Researchers from Northwestern University and Washington University School of Medicine in St. Louis have developed a groundbreaking sticker that allows clinicians to monitor patients’ organs and deep tissues using a simple ultrasound device. This first-of-its-kind sticker can detect health changes in real-time, potentially revolutionizing post-surgery care.
When attached to an organ, the soft, tiny sticker changes shape in response to the body’s fluctuating pH levels, serving as an early warning system for complications such as anastomotic leaks. These leaks occur when gastrointestinal fluids escape the digestive system, posing a life-threatening risk. Currently, no reliable non-invasive methods exist to detect these leaks.
The innovative sticker is designed to reveal fluid leakage with high sensitivity and specificity, enabling earlier interventions. When the patient has fully recovered, the biocompatible and bioresorbable sticker dissolves naturally, eliminating the need for surgical removal.
Published in the journal Science, the study details evaluations across small and large animal models. The researchers validated three different types of stickers made from hydrogel materials, each tailored to detect leaks from the stomach, small intestine, and pancreas.
“These leaks can arise from subtle perforations in the tissue, often as imperceptible gaps between two sides of a surgical incision,” said John A. Rogers from Northwestern University, who led the device development alongside postdoctoral fellow Jiaqi Liu. “Such defects are undetectable with current ultrasound, CT, and MRI scans. We developed an engineering approach and advanced materials to address this unmet need in patient monitoring. This technology has the potential to eliminate risks, reduce costs, and expand accessibility to rapid, non-invasive assessments for improved patient outcomes.”
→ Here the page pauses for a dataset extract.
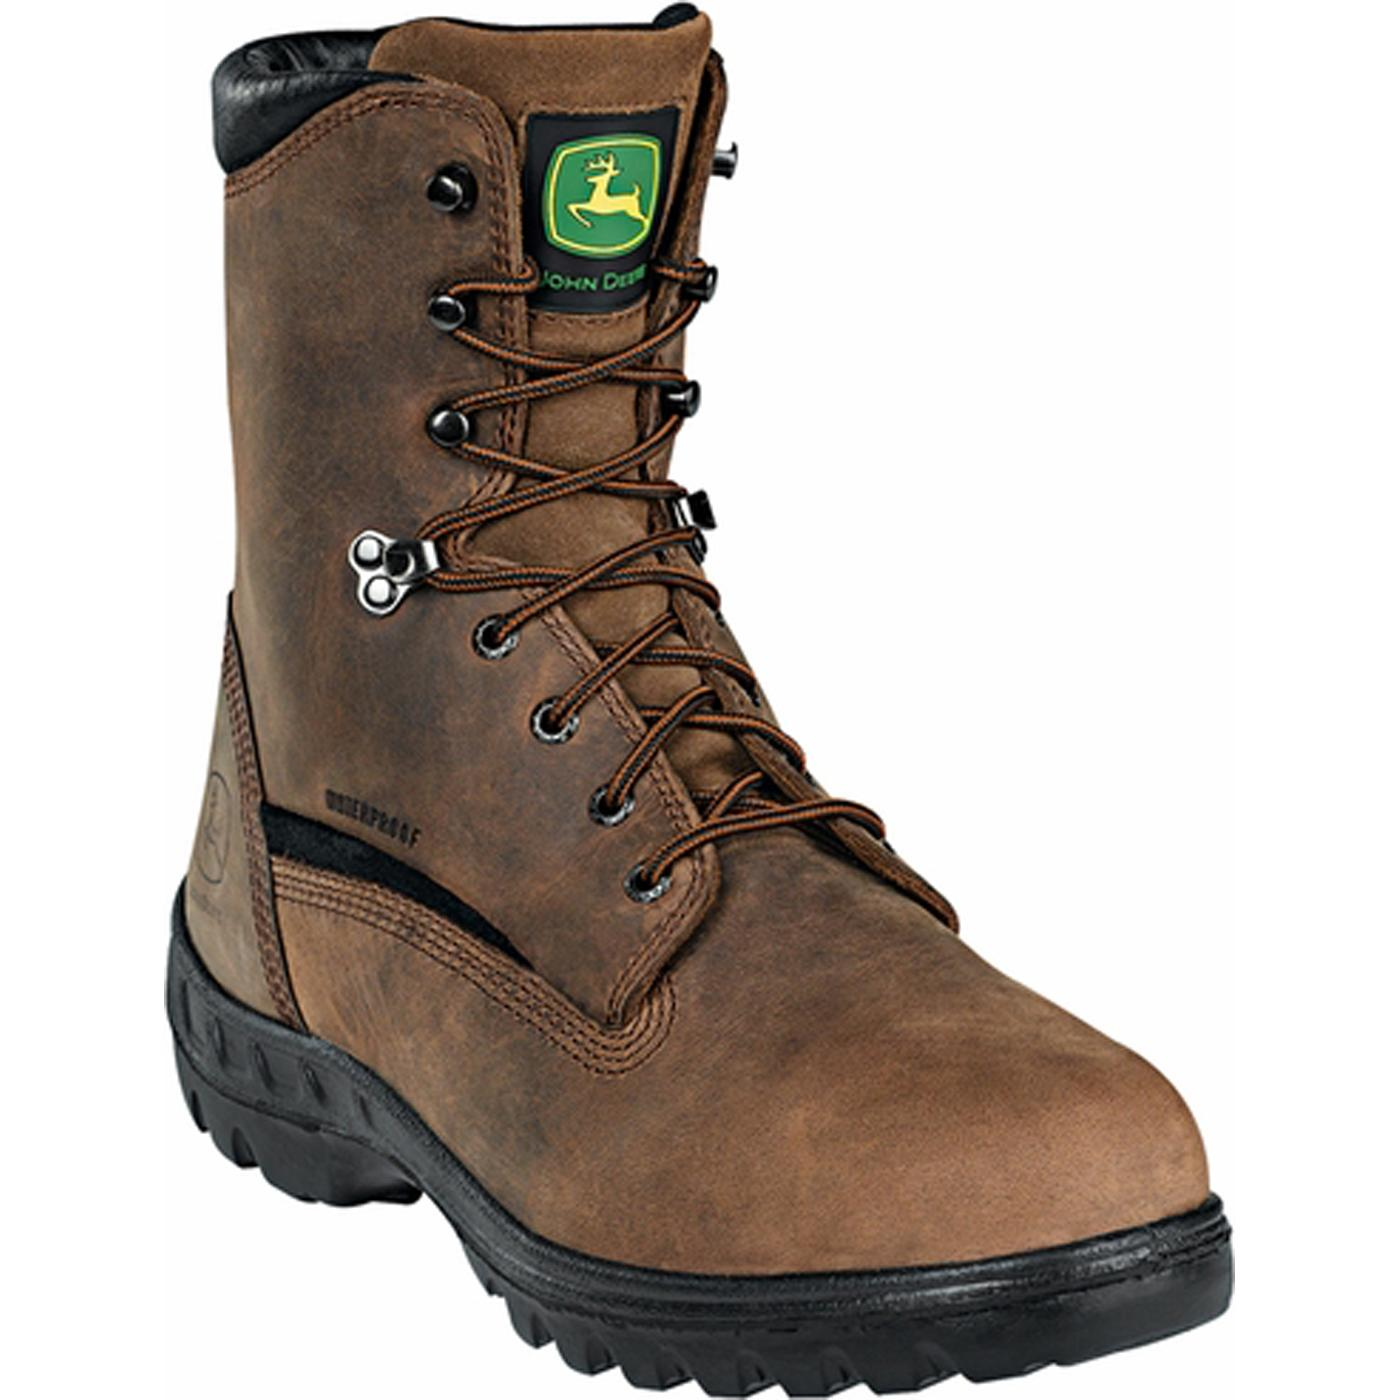 f44ef0d0f02 John Deere Puncture-Resistant Metatarsal Guard Work Boot

Rogers’ team designed the sensor devices to be readable by ultrasound imaging. They created small, tissue-adhesive stickers from flexible, chemically responsive hydrogels and embedded tiny, paper-thin metal disks. When the sticker encounters acidic fluids, such as stomach acid, it swells. In the presence of caustic fluids, like pancreatic fluids, it contracts. These changes cause the metal disks to move, which can be detected by ultrasound.
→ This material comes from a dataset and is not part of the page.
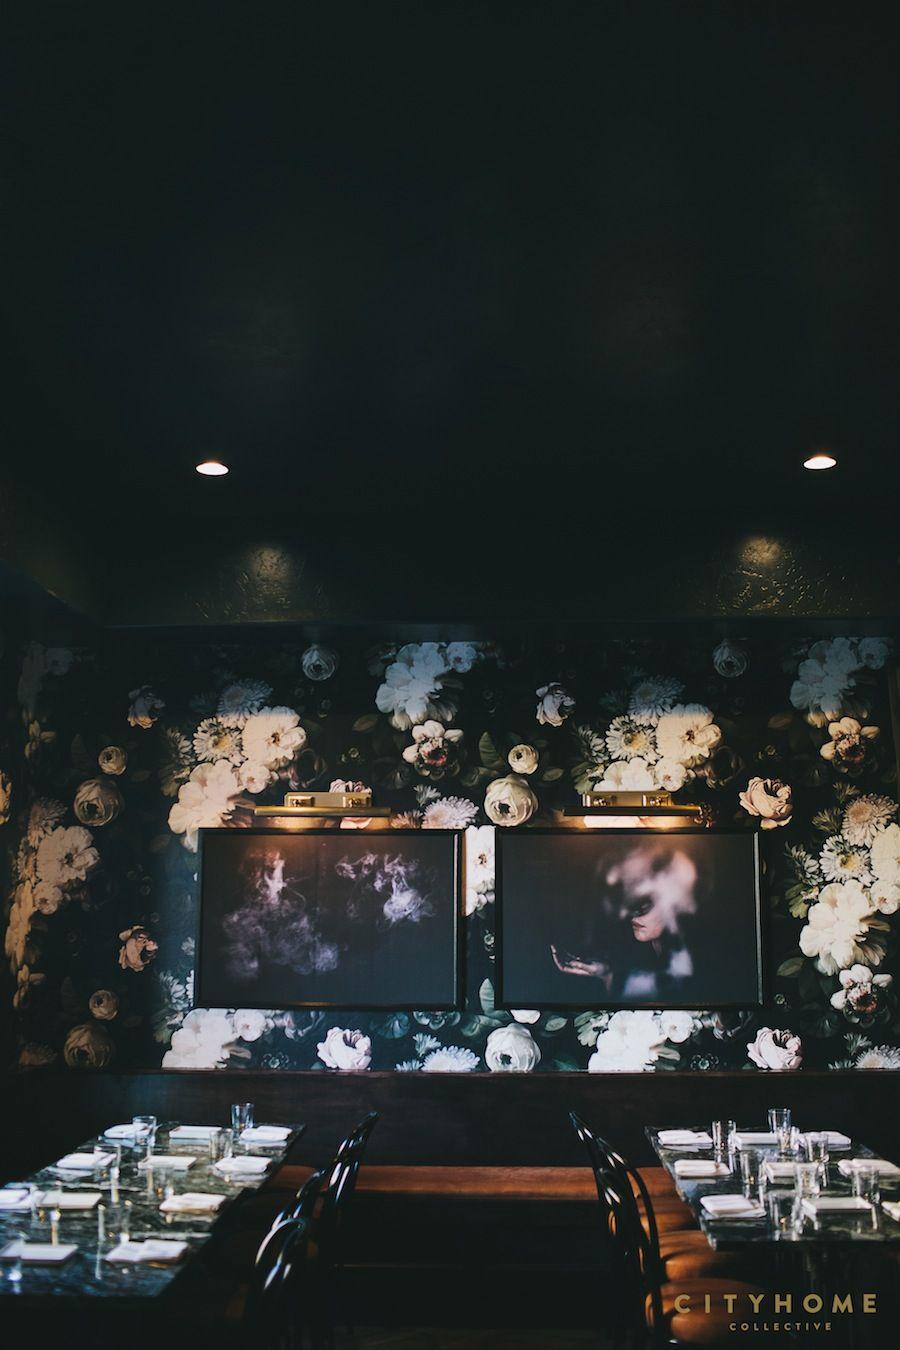 Finca cityhomedesign pinterest wallpaper floral and design

The stickers vary in size, with the largest being 12 mm in diameter and the smallest just 4 mm. Considering the metal disks are 1 mm or smaller, the team developed software to automatically analyze the images and accurately detect disk movements.
“There is currently no reliable way to detect these kinds of leaks,” said Dr. Chet Hammill, a gastrointestinal surgeon who led the clinical evaluation and animal studies with collaborator Dr. Matthew MacEwan, an Assistant Professor of Neurosurgery. “Most abdominal operations carry a risk of leaking. While we can’t fully prevent these complications, early detection can minimize harm. This technology could change how we monitor patients after surgery, potentially catching leaks 24-48 hours earlier.”
Rogers and Hammill envision that the device could be implanted at the end of surgery or injected into the body via a syringe due to its small, flexible nature.
“This prototype could transform post-surgical monitoring,” Hammill said. “It does its job and then disappears, significantly impacting patient recovery time and quality of life.”
Next, the team plans to explore similar tags that could detect internal bleeding or temperature changes. “Detecting pH changes is a good starting point,” Rogers said. “But this platform can extend to other applications by using hydrogels that respond to different chemical changes or temperature, or other clinically relevant properties.”